■ EXERCISE DETAILS: Word for word, please copy the listing below, with its pictures left out.

■ DATASET EXCERPTS:
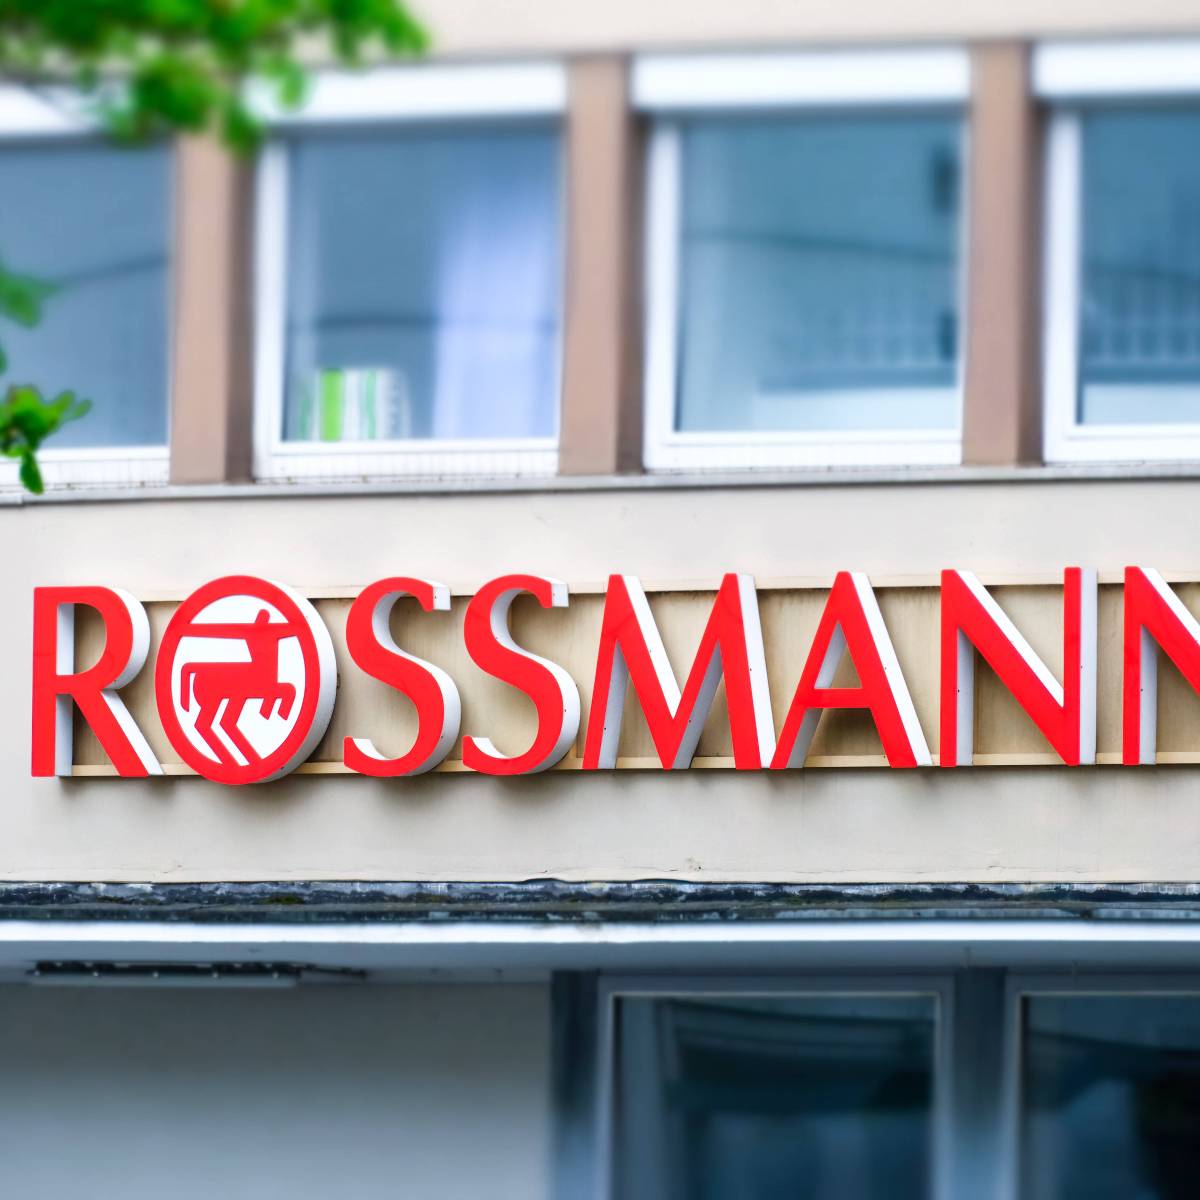 Rossmann Eigenmarken: Großes Geheimnis gelüftet?
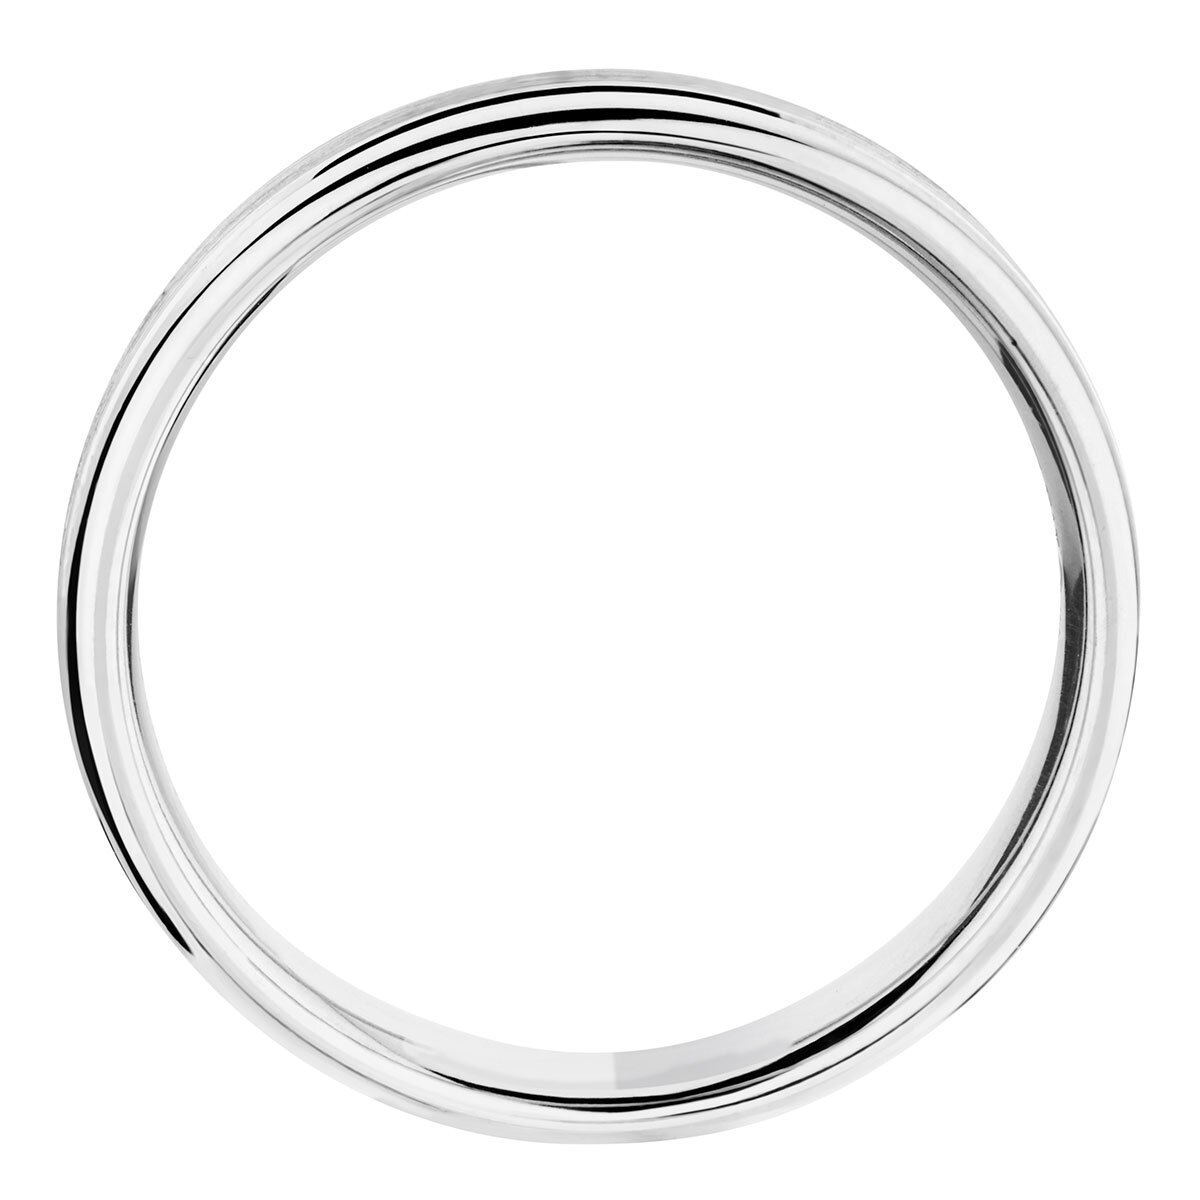 5.0mm Luxury Court Wedding Ring, Satin & Polished Platinum
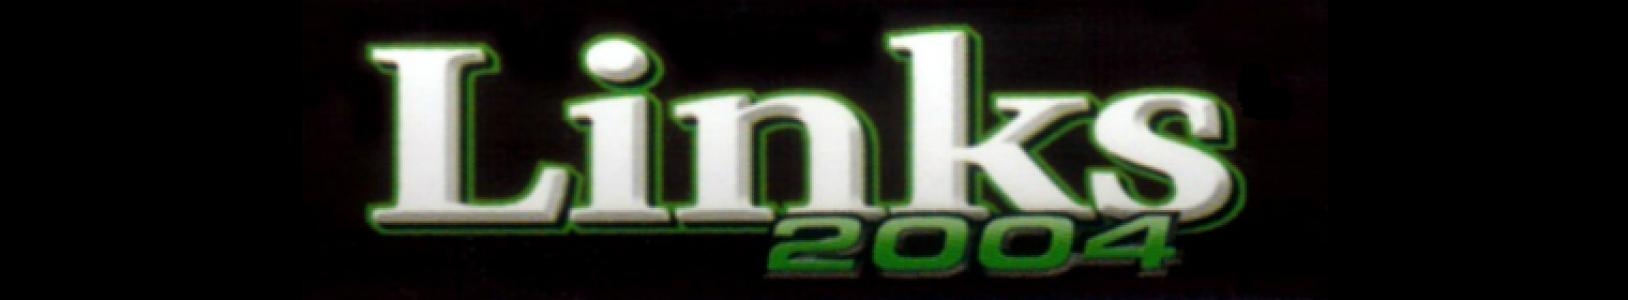 Links 2004 banner
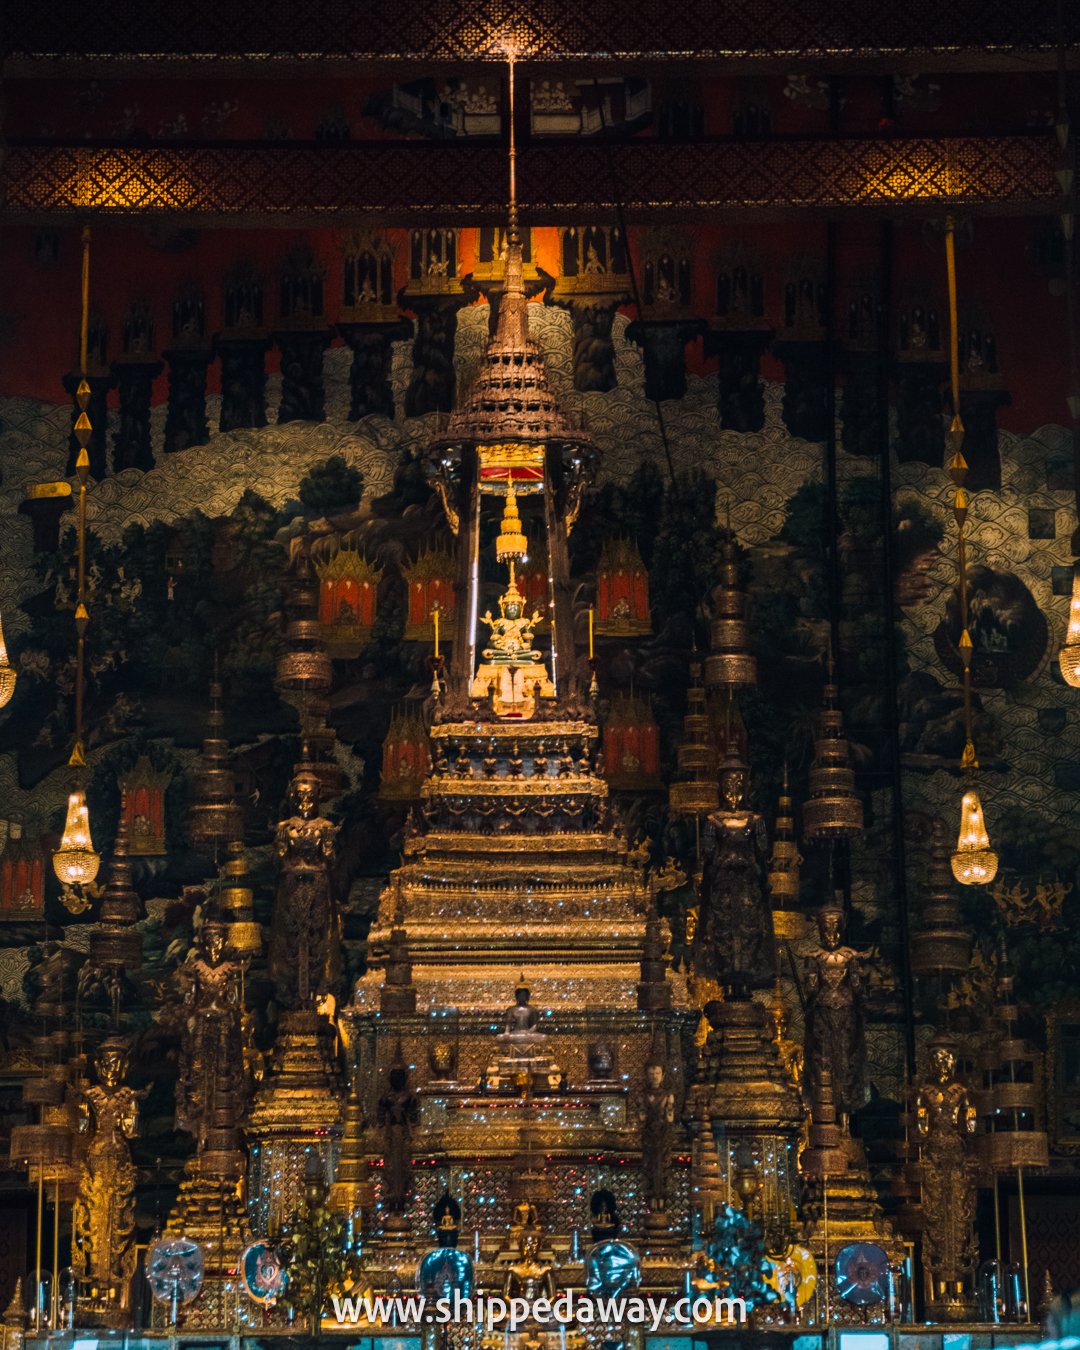 Emerald Buddha at The Grand Palace in Bangkok Thailand, Grand Palace Bangkok Travel Guide, Things to see in the Grand Palace in Bangkok,
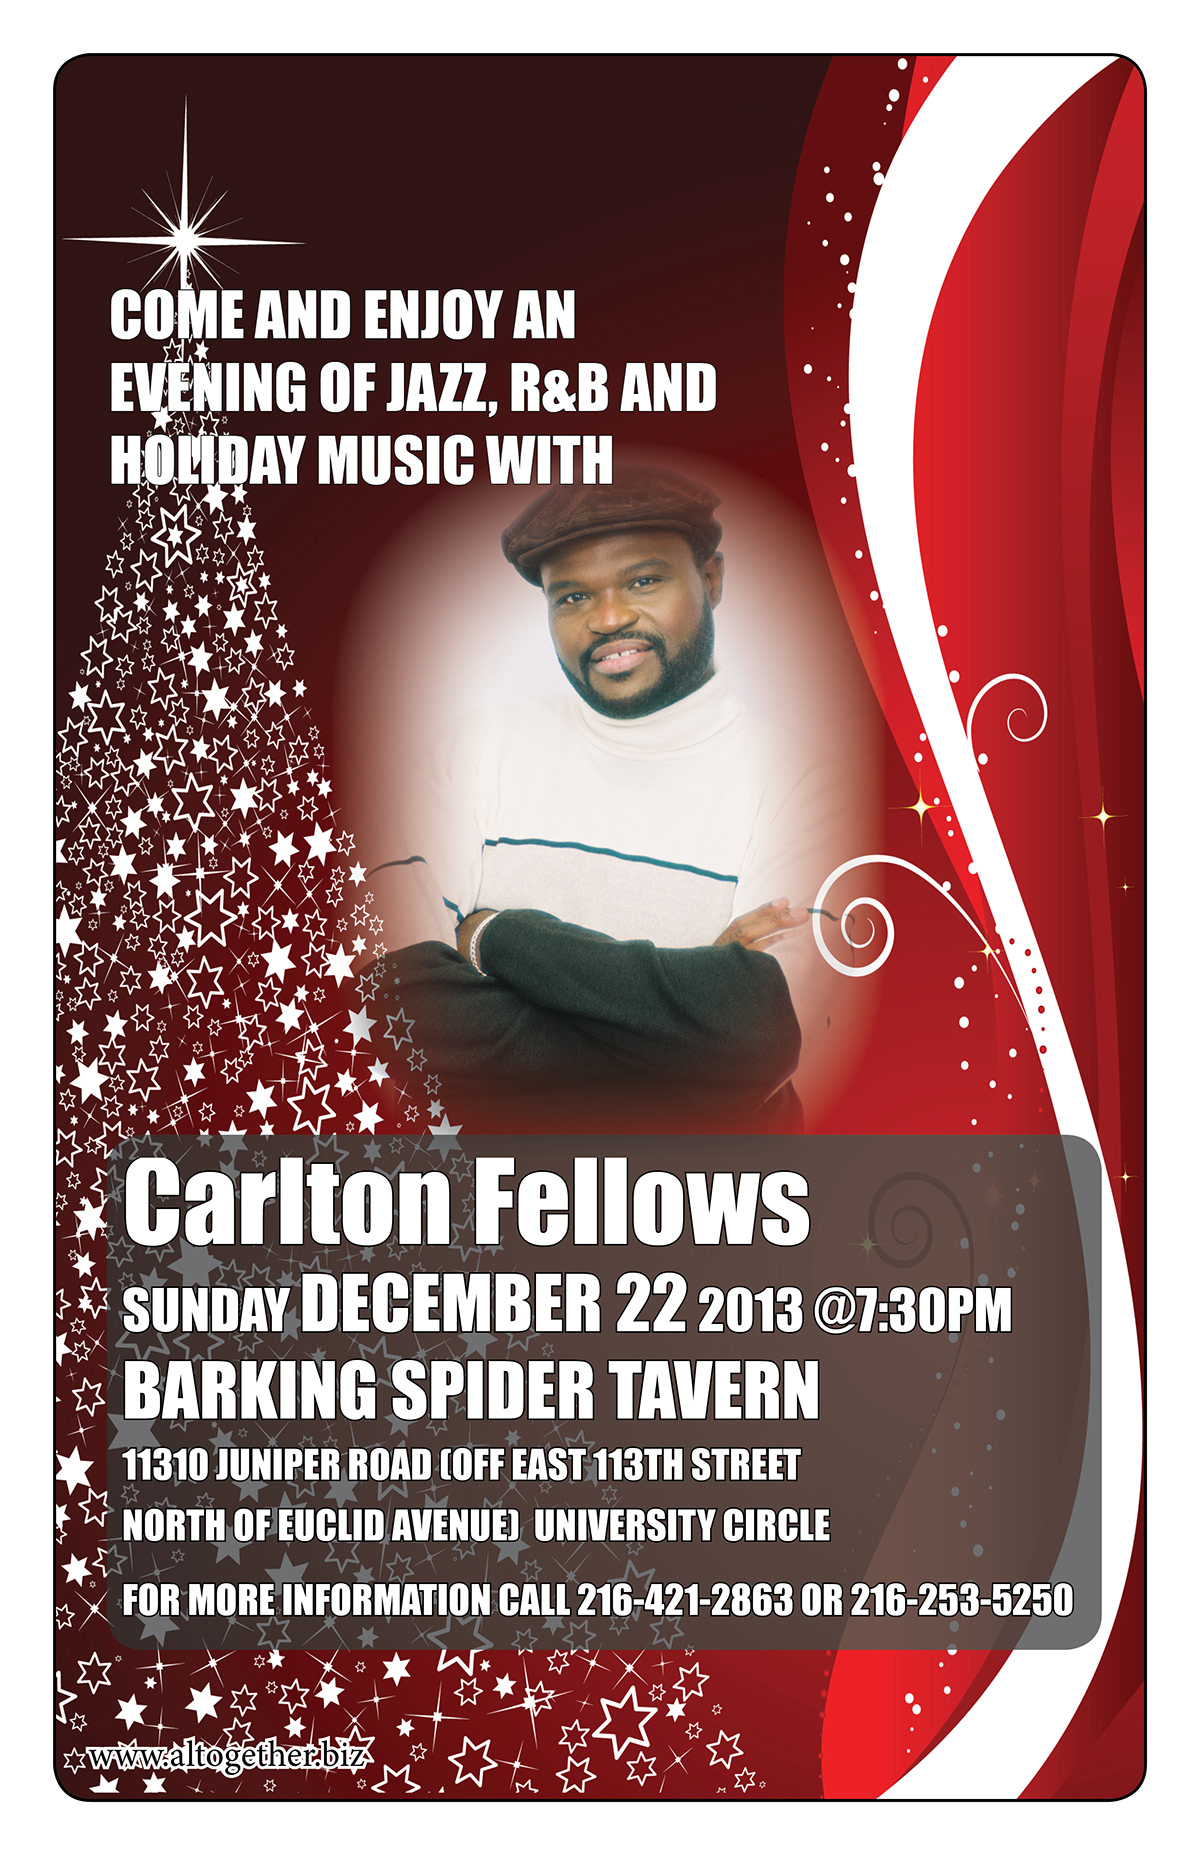 Carlton Fellows concert flyer

■ EXERCISE OUTPUT:
 Rossmann Eigenmarken: Großes Geheimnis gelüftet?
 5.0mm Luxury Court Wedding Ring, Satin & Polished Platinum
 Links 2004 banner
 Emerald Buddha at The Grand Palace in Bangkok Thailand, Grand Palace Bangkok Travel Guide, Things to see in the Grand Palace in Bangkok,
 Carlton Fellows concert flyer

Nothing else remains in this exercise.